Development of novel dual-target drugs against visceral leishmaniasis and combinational study with miltefosine

Abstract

The dual-target inhibitors (ZINC000008876351 and ZINC000253403245) were identified by utilizing an advanced computational drug discovery method by targeting two critical enzymes such as FeSODA (Iron superoxide dismutase) and TryR (Trypanothione reductase) within the antioxidant defense system of Leishmania donovani (Ld). In vitro enzyme inhibition kinetics reveals that both the compound's ability to inhibit the function of enzyme LdFeSODA and LdTryR with inhibition constant (Ki) value in the low μM range.
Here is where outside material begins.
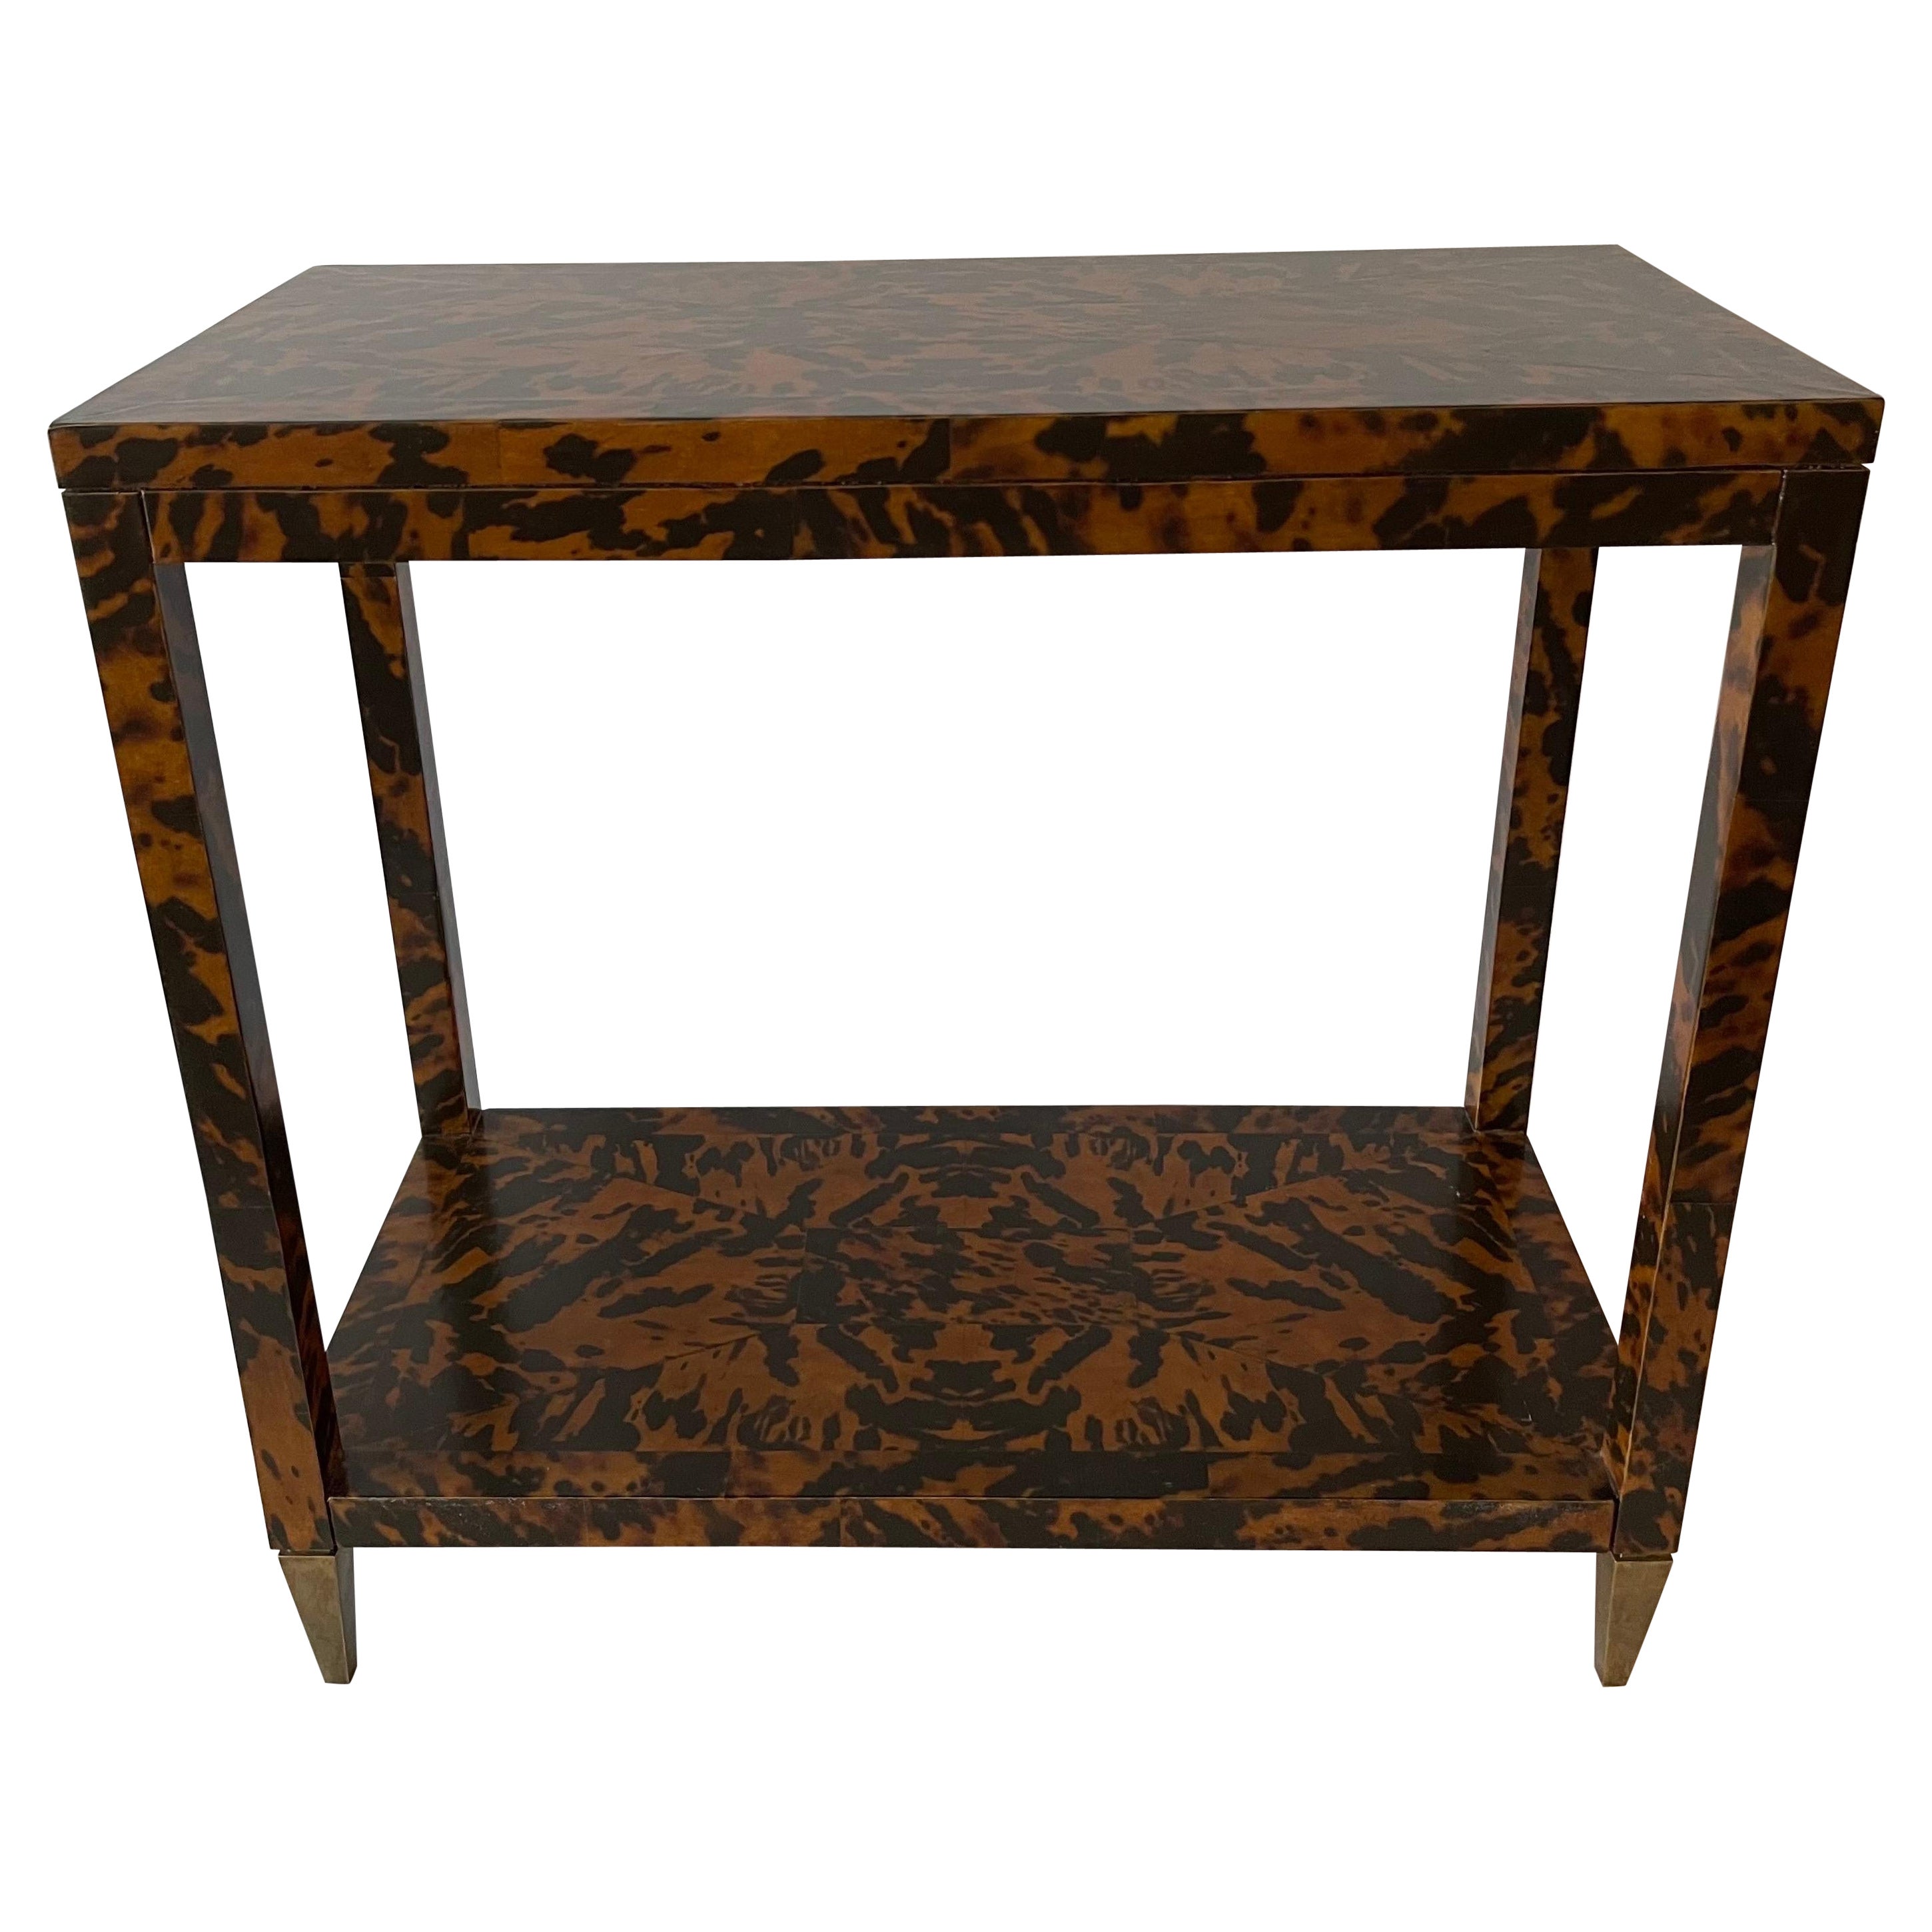 Oscar de la Renta Home by Century Furniture Co. Faux Tortoise & Brass Side Table

Flow cytometry analysis, specifically at IC50 and 2X IC50 doses of both the compounds, the intracellular ROS was significantly increased as compared to the untreated control. The compounds ZINC000253403245 and ZINC000008876351 exhibited strong anti-leishmanial activity in a dose-dependent manner against both the promastigote and amastigote stages of the parasite. The data indicate that these molecules hold promise as potential anti-leishmanial agents for developing new treatments against visceral leishmaniasis, specifically targeting the LdFeSODA and LdTryR enzymes. Additionally, the in vitro MTT assay shows that combining these compounds with miltefosine produces a synergistic effect compared to miltefosine alone. This suggests that the compounds can boost miltefosine's effectiveness by synergistically inhibiting the growth of L. donovani promastigotes. Given the emergence of miltefosine resistance in some Leishmania strains, these findings are particularly significant.